Director

Director NOH Tae Won

Professor Noh is the director is the Center for Correlated Electron Systems (CCES), established in July 2012. Director Noh received his B.S. from Seoul National University in 1982 before departing for America where he obtained both his M.S. and Ph.D. from Ohio State University in 1984 and 1986 respectively. He was announced as the Director for the Research Center for Oxide Electronics within Seoul National University in 2000. In mid-2012 he was announced as the director for CCES.

Introduction

Creating a new paradigm shift in condensed matter physics through the synthesis and spectroscopic study of new strongly correlated materials

• - Discovering a new phenomenon or ground state of strong correlation
• - Synthesizing new strongly correlated materials
• - Setting a new paradigm to define the comprehensive physical properties of strongly correlated materials

Main research activities

Unlike in semiconductors and novel metals, electrons strongly interact with electrons (or other quasiparticles) in strongly correlated electron systems. As a consequence, lots of novel phenomena, including high TC superconductivity, ferromagnetism, and ferroelectricity, have been observed in these materials. Interestingly, if we make ultrathin films or heterostructures of such systems, more exotic phases can emerge. For example, we can realize Weyl semimetal, which shows 3D Dirac dispersion and surface Fermi arc states, by breaking inversion symmetry. At the interface of two insulators, it has been shown that 2D electron gas emerges and it shows interesting properties including superconductivity and magnetism. Because of this, the interest in strongly correlated materials has grown as the field becomes more popular.

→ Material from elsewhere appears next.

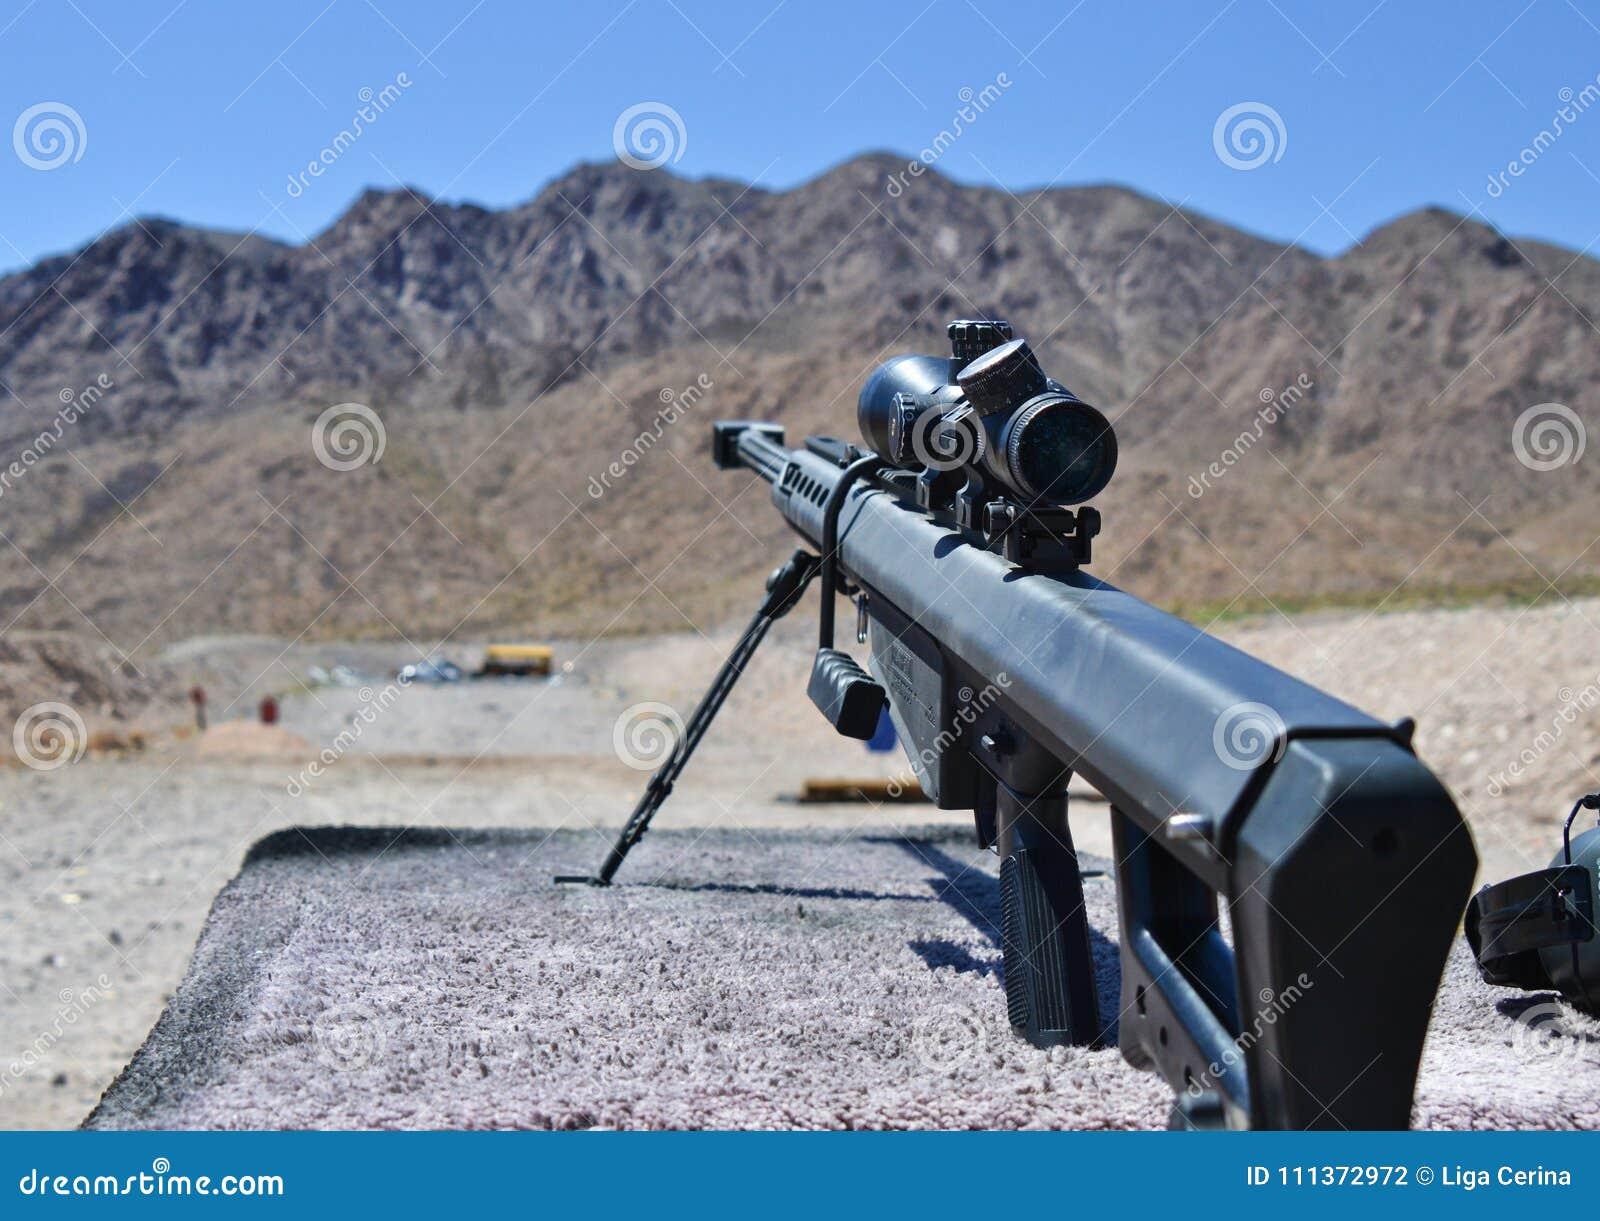 Sniper Barrett rifle , 0.50 caliber, m82a1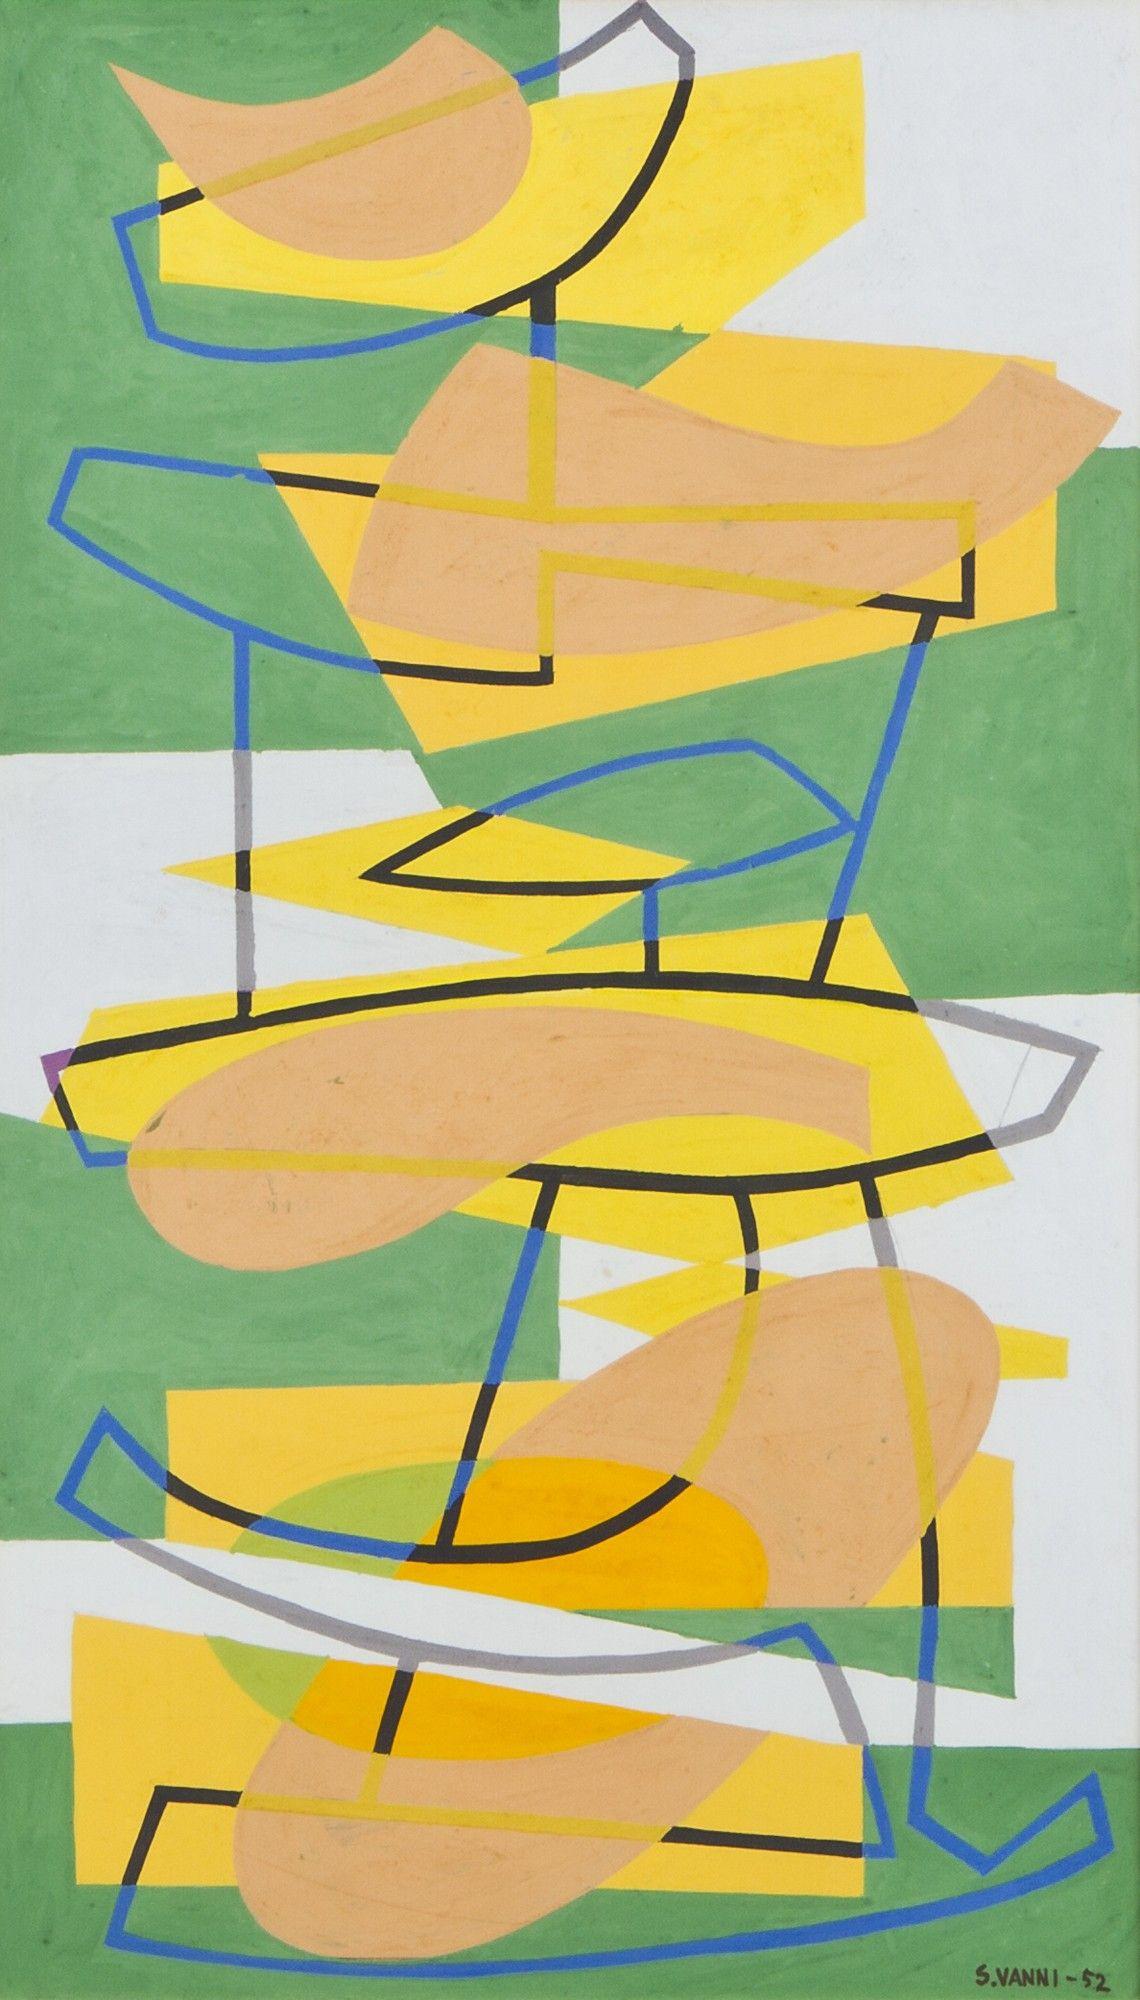 Sam Vanni: Abstrakti, 1952, guassi, 44x26 cm - Hagelstam A135

The Center for Correlated Electrons Systems (CCES) focuses on realizing and understanding new exotic phases using oxide materials. Our research interests cover a wide range of subjects, such as superconductivity, topological properties, magnetism, and ferroelectricity. At the CCES we synthesize high quality single crystals, ultrathin films, and atomic-scale-controlled superlattices and we use state of the art techniques, including angle resolved photoemission and neutron spectroscopy to investigate the novel phases in strongly correlated electron systems. We use density functional theory and model calculations to predict and understand the observed phenomena. The combined efforts of several experimental groups and theory groups in the CCES will enhance our understanding of strongly correlated electron systems and their interfaces. We believe that our work will provide a new paradigm for condensed matter physics.